Early-Foster Company, a corporation, sued W. F. Klump, doing business under the firm name of W. F. Klump Co., to recover an alleged balance of about $1,200, claimed to be due for the price of 2,000 bales of cotton linters sold by appellant to appellee, under contracts dated December 1 and December 7, 1916. Appellee denied liability, and specially answered that he had fully paid the amount due on the contracts, alleging that such payments were made upon drafts drawn by appellant with bills of lading attached through banks in New Orleans, aggregating the sum of about $70,000; that the banks, acting for appellant in the collection of the drafts, accepted this sum in full payment of the amount due by appellee on account of the purchase and sale of the linters; that, upon the payment of this amount, the New Orleans banks delivered the bills of lading and drafts to appellee, and canceled and marked paid the drafts, and that thereafter the appellant, in due course of business, received and accepted the sum so paid in full payment and settlement of appellee's indebtedness, with full knowledge that the sum paid by appellee was in full of the contract. It was further pleaded by appellee that there was a dispute as to the correct amount due, and especially as to certain items making up the sum total of the drafts, which were claimed to be overcharges, but which were authorized by appellant to be deducted from the face of the drafts, and that the acceptance of the balance, and the other facts alleged, constituted a full and complete accord and satisfaction. At the conclusion of plaintiff's testimony, the trial court instructed a verdict for the defendant, upon which judgment was rendered for appellee.

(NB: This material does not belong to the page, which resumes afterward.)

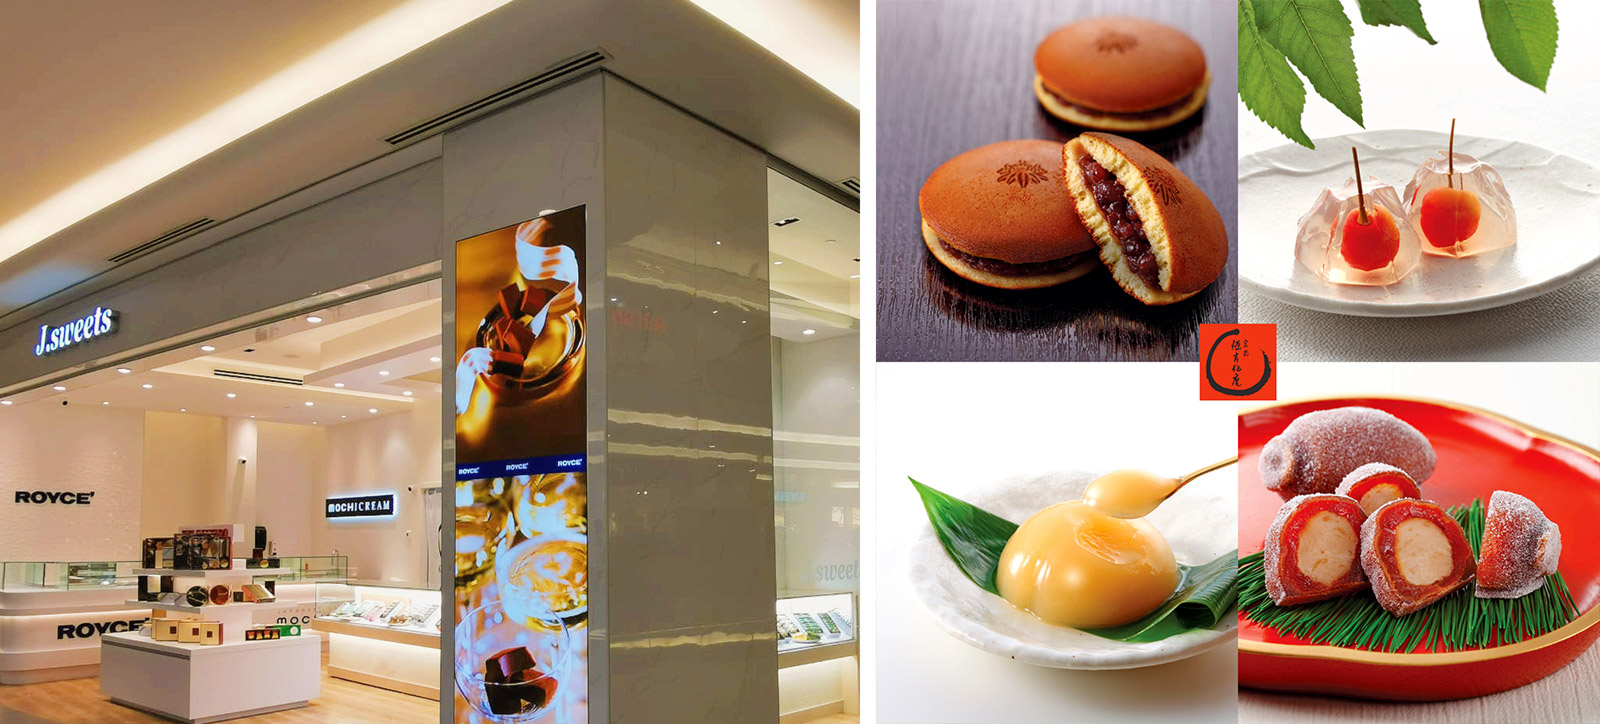 the partnership with Japan Airlines (JAL), which saw the opening of J.Sweets, an elegant dessert chain bringing top Japanese confectionery brands to North America

The contracts in question were effected by interchange of telegrams, the linters being sold at a fixed price per pound, f. o. b. Texas common points. The cotton was shipped in due course, and the drafts with bills of lading attached were drawn and sent to New Orleans banks, where appellee was doing business. A controversy arose over certain items included in the amount of the drafts, with relation to certain charges which were claimed by appellee to be unauthorized by the contract, and illegal and excessive demands.
The telegrams and letters, relating to appellee's demands for deductions and appellant's allowance of the same, are as follows:
"New Orleans, La. 338 p. m. Dec. 15, 1916. Early Foster Co. Waco. Drafts here but all advance charges on ladings must be reduced also freight allowance must be made on all stock moving out of Waco over other lines than Cotton Belt also charge of one seventy-one account three hundred Corsicans must be deducted and must have sworn weights as instructed. 4:03 p. m. W. F. Klump Co."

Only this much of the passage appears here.